[paper] Compact IV Model for DG MoS2 FETs

Ahmed Mounir, Francois Lime, Alexander Kloes, Alexandros Provias, Theresia Knobloch, 

K. P. O’Brien, Tibor Grasser and Benjamin Iniguez

Compact I–V Model for Double-Gated MoS2 FETs Including Short-Channel Effects

IEEE TED, Vol. 72, No. 12, Dec 2025

DOI: 10.1109/TED.2025.3622099

Rovira i Virgili University, Tarragona (SP)
THM University of Applied Sciences, Giessen (D)
Technical University of Vienna (A)
Intel Foundry Technology Research, Hillsboro (US)

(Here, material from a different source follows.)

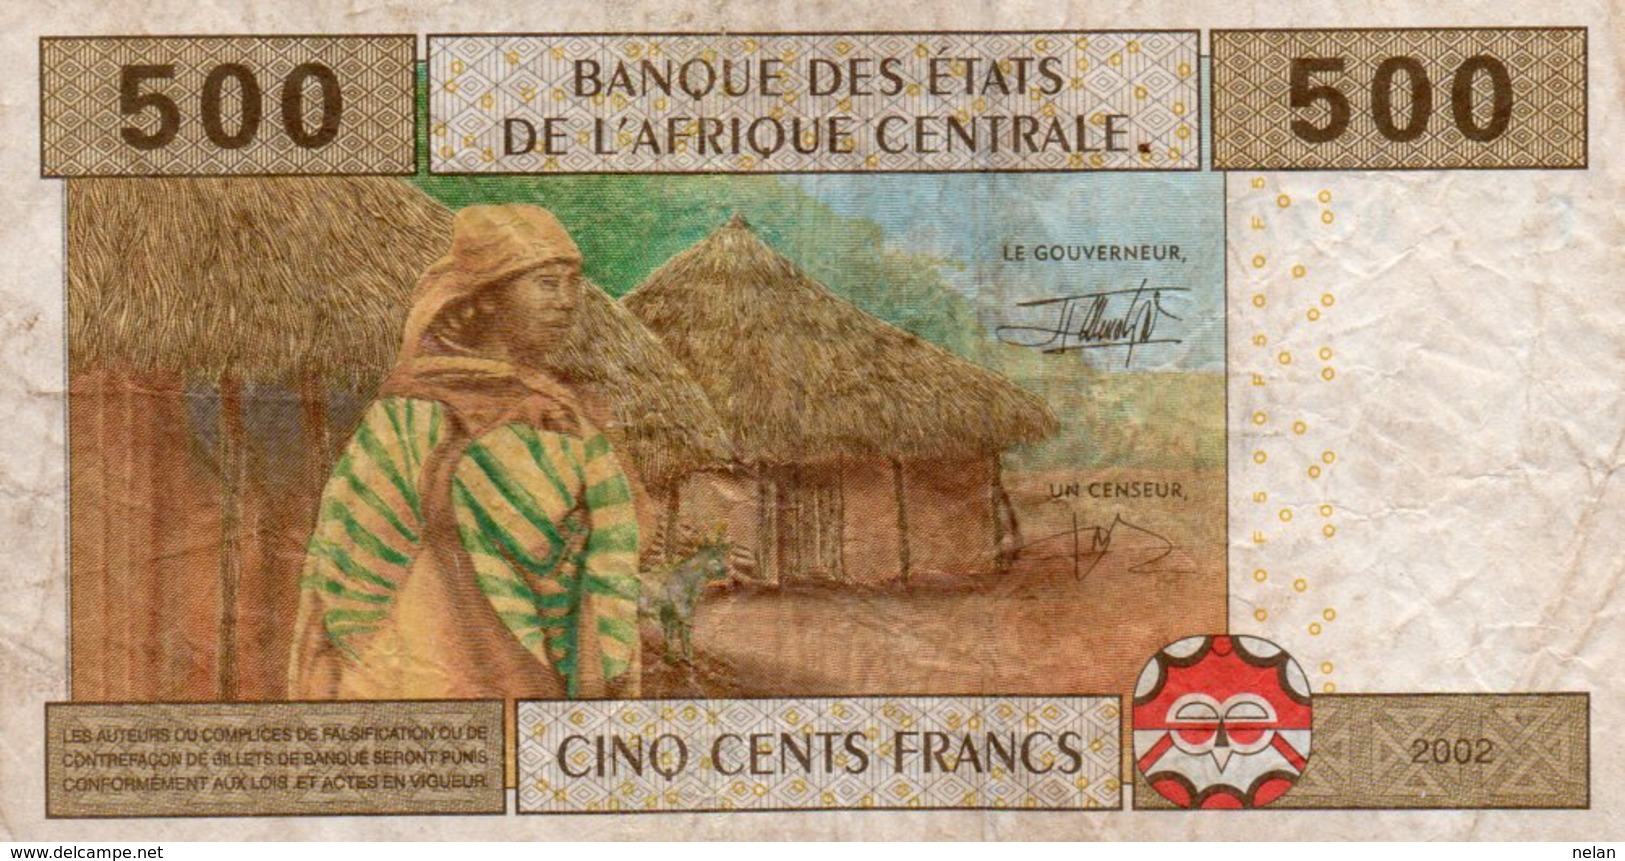 CENTRAL AFRICAN STATES 500 FRANCS 2002 P-506 Fa F For Equatorial Guinea  CIRC. - Centraal-Afrikaanse Staten

Abstract: This article presents a physics-based analytical compact model for double-gated molybdenum disulfide (MoS2) field effect transistors (FETs), incorporating key physical and short-channel effects (SCEs), such as mobility degradation and velocity saturation. The model is developed from a unified charge control model by evaluating the charge density within the 2D MoS2 layer, represented using the Lambert W function, which provides an analytical expression valid and continuous from the subthreshold to the above threshold regime. The drain current is then derived from this unified charge control model, and as a function of closed-form equations for the charge densities at the source and drain ends of the channel. Despite its simplicity, the model shows excellent agreement with experimental data for channel lengths down to 60nm, making it a powerful tool for accurately predicting the performance of downscaled devices. By including SCEs, this work extends previous modeling efforts and provides a more comprehensive framework for the simulation and optimization of 2D material-based FETs in circuit design.

FIG: Cross-sectional view of the double-gated MoS2 FET, showing the top gate oxide stack made of Al2O3 and HfO2, with the local back gate oxide consisting of HfO2. Validation of the compact model against experimental data for double-gate MoS2 FET L = 60nm (bottom line)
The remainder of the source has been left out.